Claire rubbed her hands against the soft fabric on the couch. None of this was familiar. Wyatt had been right—she didn't belong here. Not that she was leaving. Nicole and Jesse were the only family she had left. They might have ignored her phone calls and letters over the years, but she was here now and she wasn't leaving until she somehow got through to them. Until they made peace.

Claire stood and went up the stairs. There were three bedrooms on the top floor. She paused by the master suite. Based on the color scheme and items scattered across the dresser, she would guess that Nicole slept there now. At the other end of the hall were the two remaining bedrooms and the bathroom they shared.

One looked like a typical guest room with a too-tidy bed and neutral colors, while the last was done in purple, with posters on the walls and a computer on a desk filling one corner.
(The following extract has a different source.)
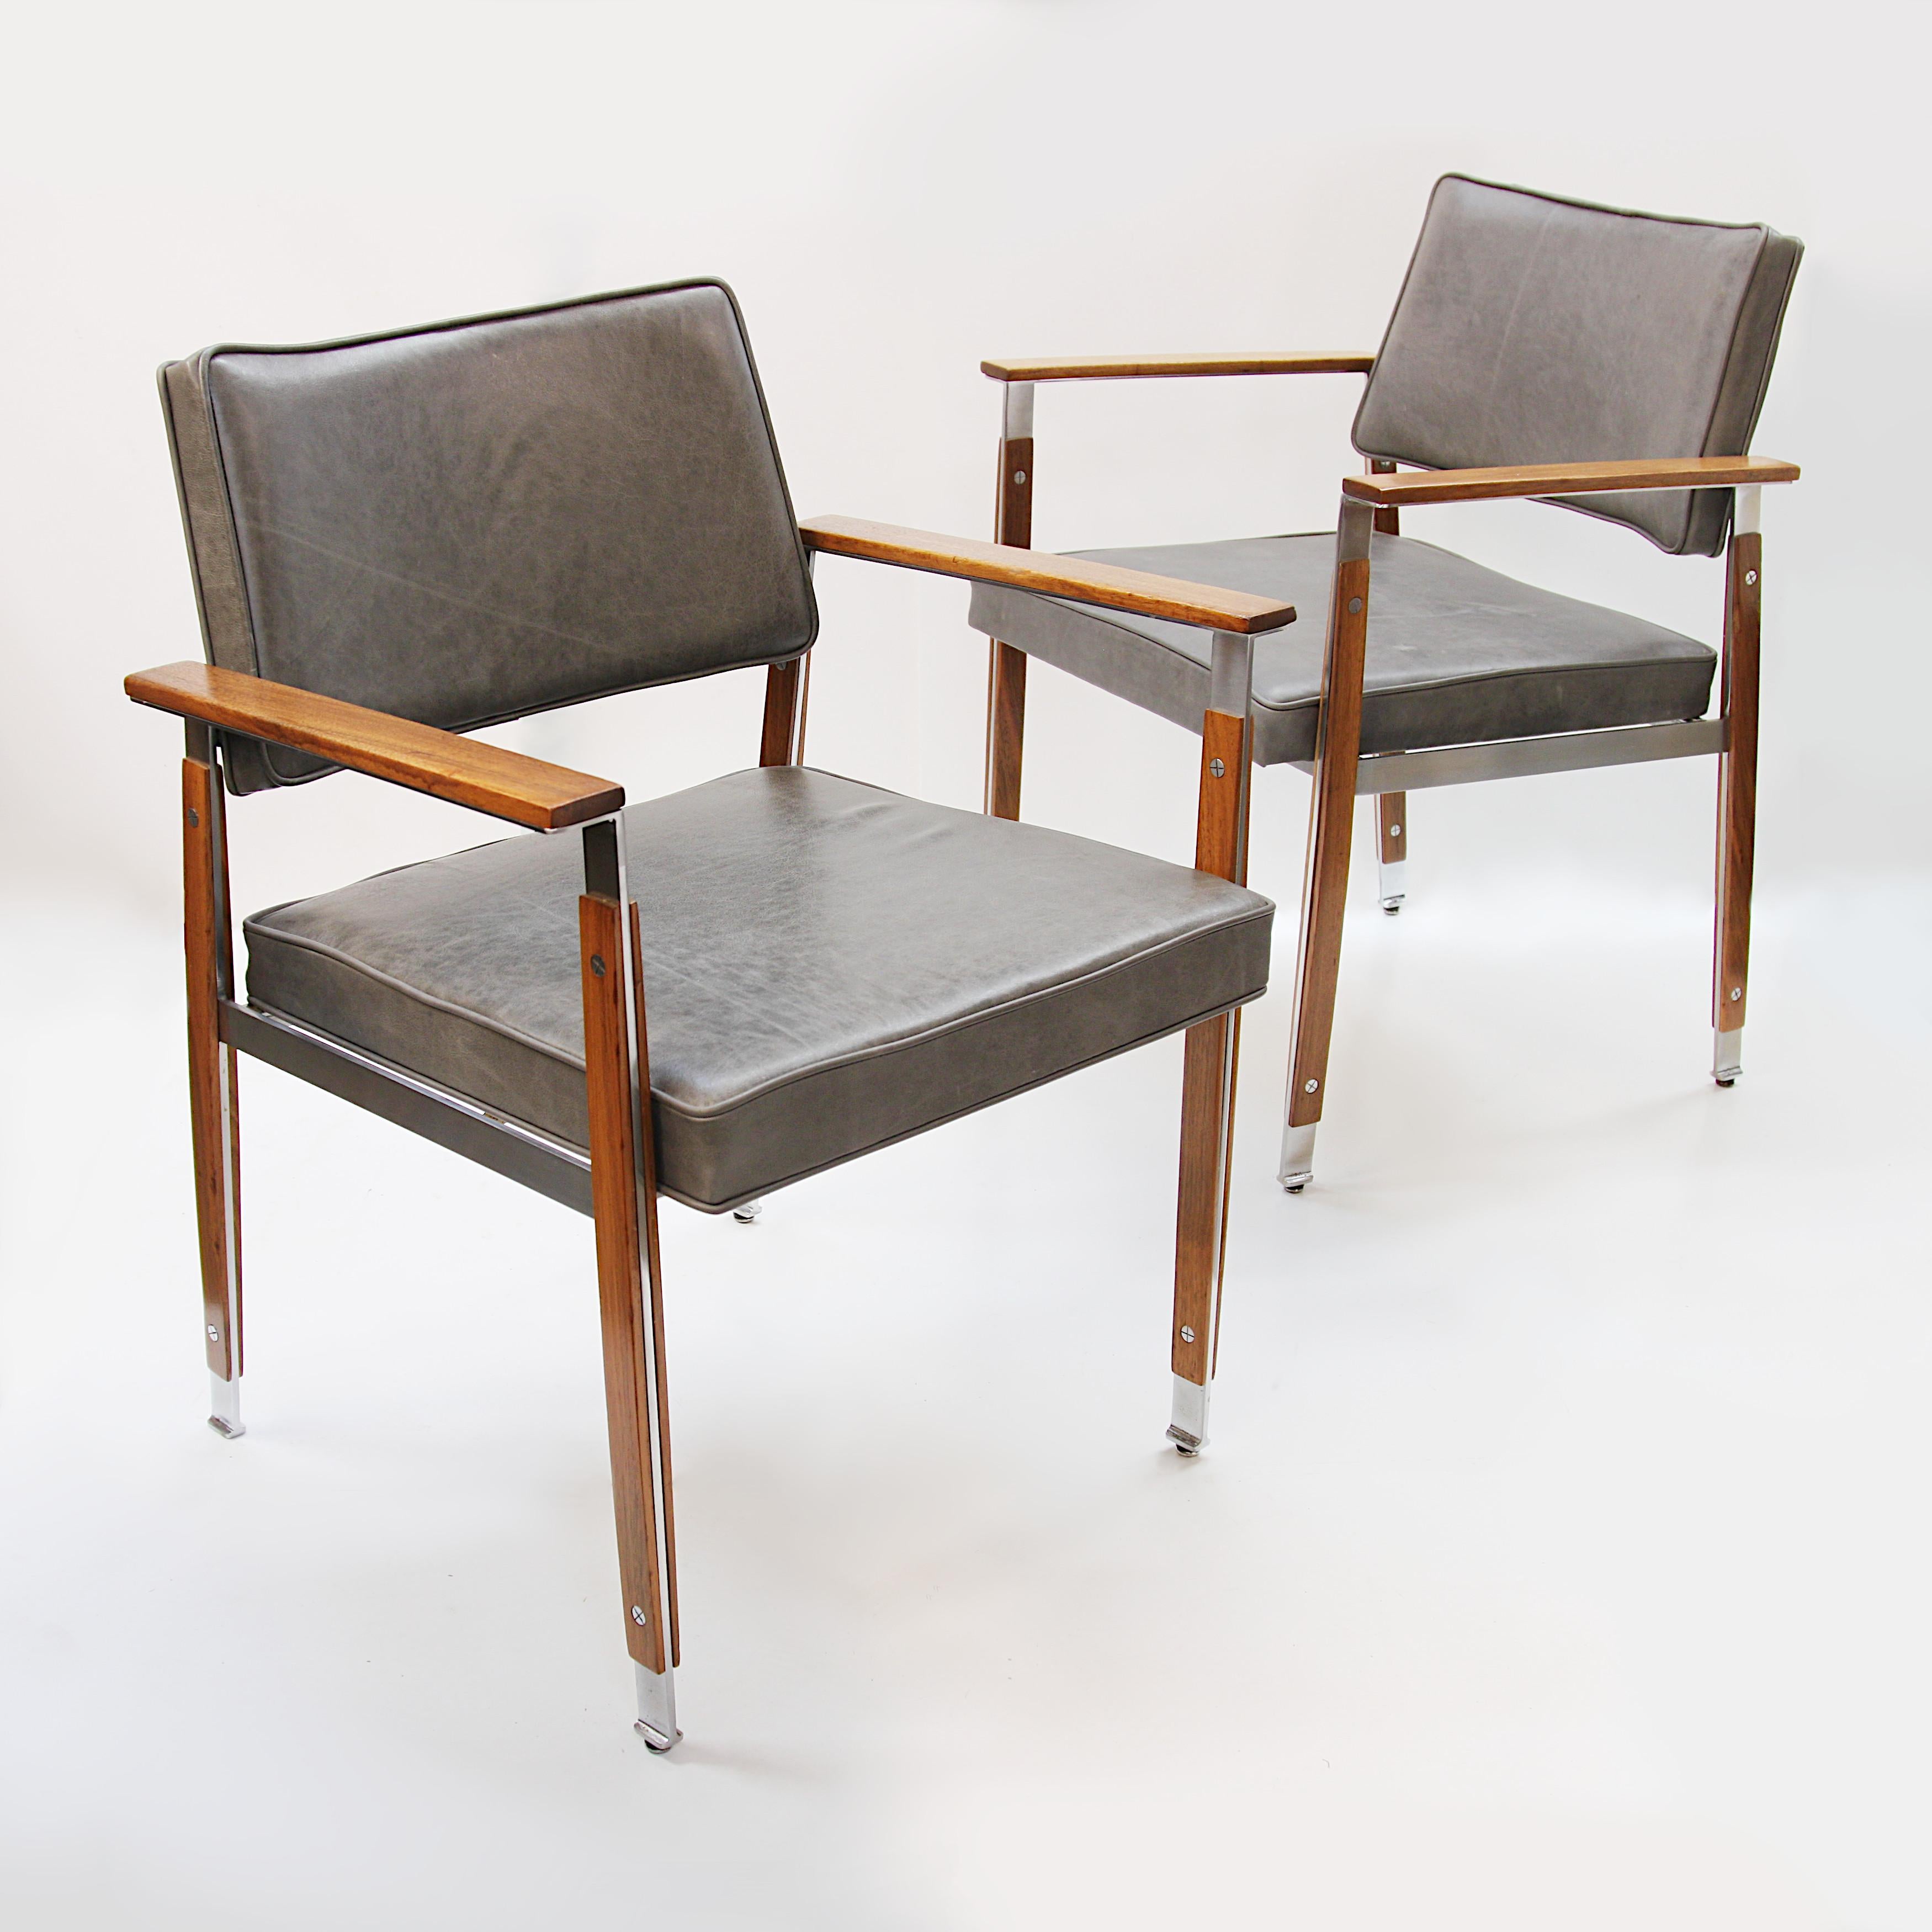 Rare paire de fauteuils conçus par William B Sklaroff pour la ligne de meubles ultra five group de la Robert John Furniture Company. Les chaises sont dotées d'un cadre unique en acier inoxydable recouvert de fines lattes en noyer qui rappellent le
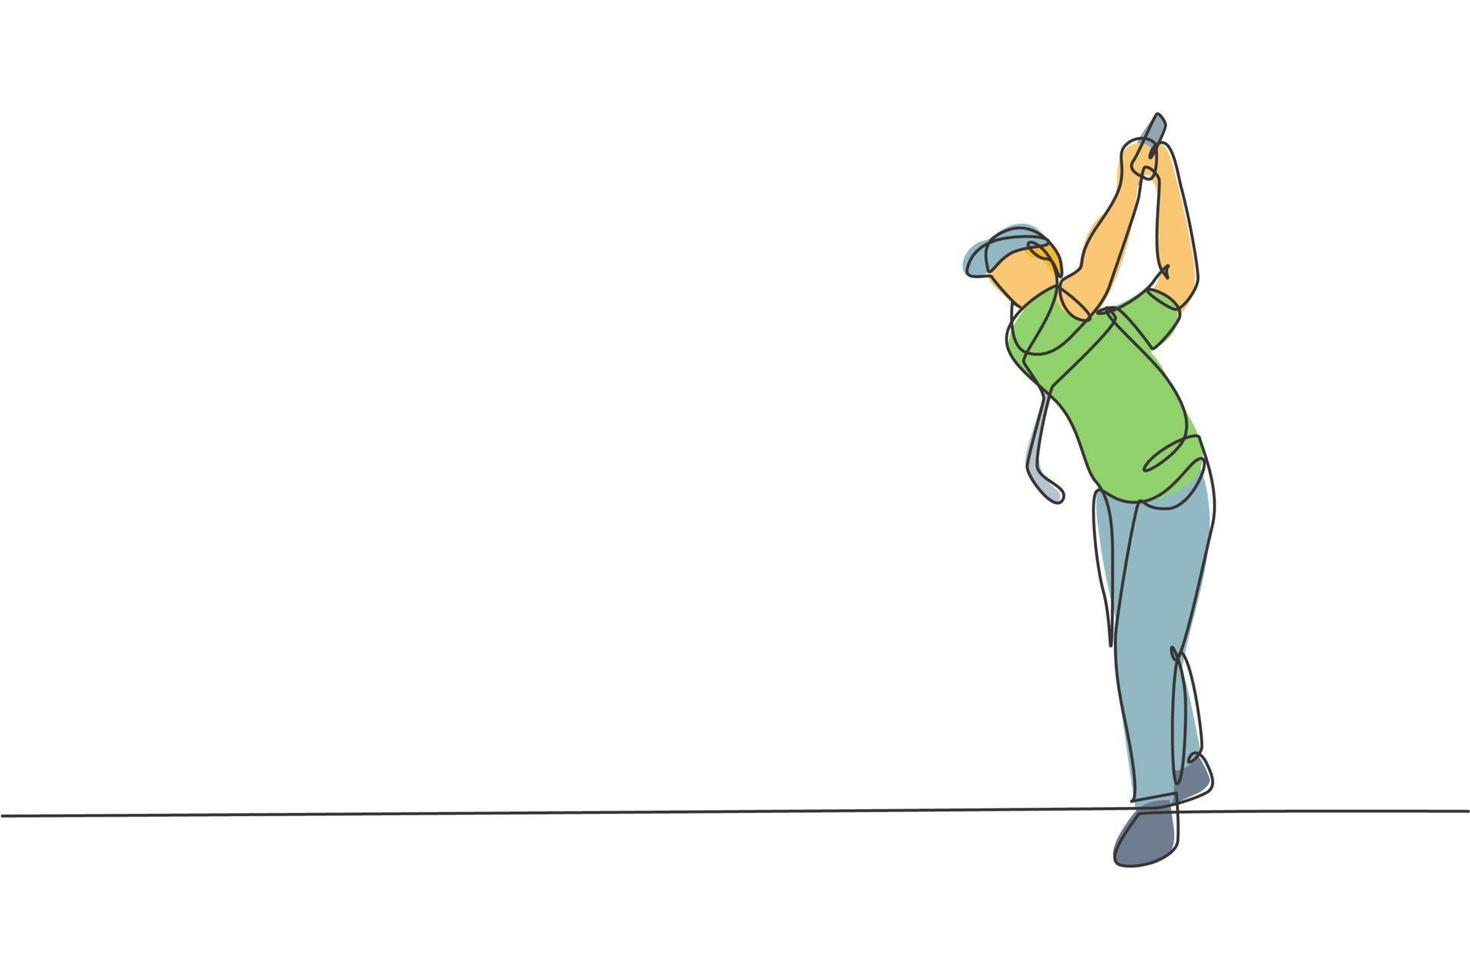 een doorlopende lijntekening van een jonge golfspeler die golfclub zwaait en de bal raakt. vrijetijdssport concept. dynamische enkele lijn tekenen ontwerp vector illustratie afbeelding voor toernooi promotie media

Claire walked into that room and looked around. The space smelled of vanilla.

“What have you done?” she asked aloud. “Jesse, did you set me up? Is Nicole really ready to forgive me?”

She desperately wanted to believe her sister, but found herself doubting. Wyatt had been very convincing in his dislike of her.

The unfairness of it, a stranger judging her, made her chest hurt, but she ignored the sensation. Somehow she would get this all fixed.

She returned downstairs and walked toward the front door. On the way, she saw a narrow staircase leading to the basement. She knew what was down there.

Every cell in her body screamed at her not to do it—not to go look—yet she found herself walking toward the opening, then slowly, so slowly, moving down.

The stairs opened into a basement. But what should have been an open space was closed off with a wall and a single door. Nicole hadn't destroyed it, Claire thought, not sure what to make of that. Did it mean there was hope, or had the project simply been too much trouble?

Claire hesitated, her hand on the doorknob. Did she really want to go in?

When she and Nicole had been three, their parents had taken them to a friend's house. It was a place neither girl had been before. At first the visit had been unremarkable. A rainy Seattle day with two toddlers trapped inside a house full of adults.

One of the guests had tried to entertain the girls by playing the piano. Nicole had grown bored and wandered away, but Claire had sat on the hard bench, entranced by the keys and the sound they made. After lunch, she'd gone back on her own. She'd been too short to see the white and black keys, but she'd known they were there and she'd carefully reached above her head and started to play one of the songs.

Despite how young she'd been, Claire remembered everything about that afternoon. How her mother had come looking for her and stared at her for the longest time. How she'd been put on her mother's lap in front of the piano, where she could make the pretty music more easily.

She had never been able to explain how she knew which key produced which sound, how the music had seemed to begin inside of her, bubbling up until it spilled out. It was just one of those things, a quirk of an, until then, unremarkable gene pool.